Economics: A legacy of debt and narrow public finance margins

MEXICO - Report 20 Aug 2018 by Mauricio González and Esteban Manteca

Analysts have been concerned for some time about the direction of public finance in Mexico, but such considerations have been largely overshadowed by the headline-grabbing 2018 presidential campaign and its results, including the presidential transition process, the uncertainty surrounding Nafta and Trump’s recurring efforts to engage in trade wars, and the direction of monetary and interest rate policies at home and abroad.

But Mexico’s public finance was back in the spotlight recently as results for the second quarter proved to be disappointing. The weakness of the numbers contained in the report are a major component of what the outgoing administration of President Enrique Peña Nieto is leaving his successor. EPN may be leaving office without having sparked the much dreaded end-of-term financial crisis that Mexicans came to expect in the final decades of the 20th century, but it has left scant room for the next administration to assume any significant debt or avoid painful spending cuts

Moreover, the way in which public financial accounts are shaping up for the balance of the year will set the terms for drafting the 2019 federal budget, which in turn will define just how much financial room the incoming administration will enjoy while striving to fund the multiple programs and projects that President-elect Andrés Manuel López Obrador has proposed, whether they be focused on social assistance or investment.
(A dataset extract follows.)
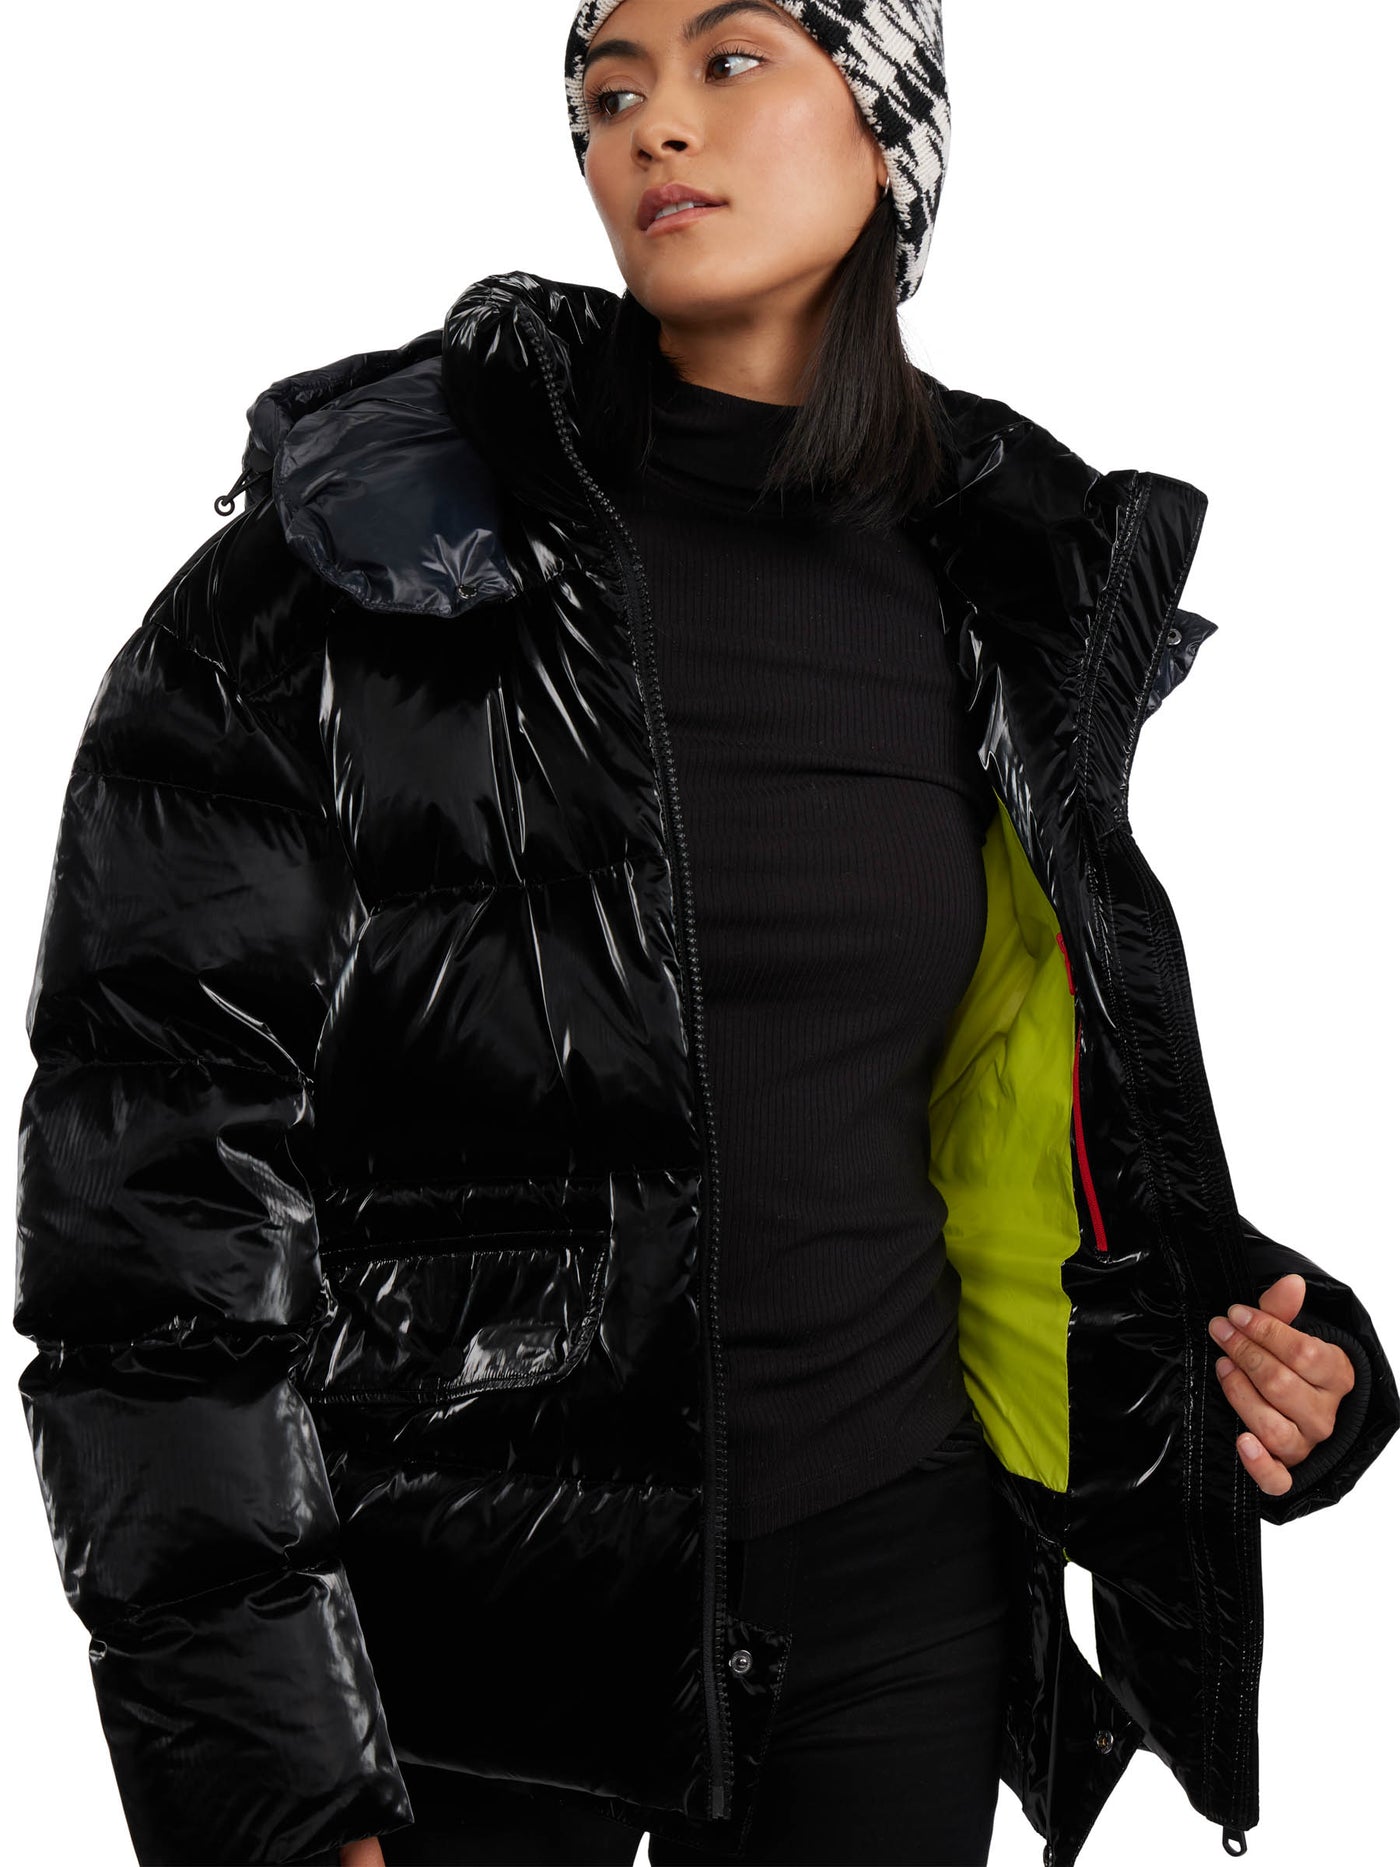 Ascella Women's Boxy Fit Short Puffer Jacket

It is still too early to tell how much funding those programs will require: their implementation may be rolled out gradually in some areas and it may take time to incorporate all the program beneficiaries the administration is talking about. At the same time, investment projects will take several years to complete. Considerably less certain is just how strong a commitment the new administration brings when it comes to trying to accommodate such projects in the 2019 budget.

The latest deterioration of debt indicators poses a risk to public finance and medium-term stability in a context of international financial volatility, rising interest rates and greater risk perception on the part of some ratings agencies and institutional investors.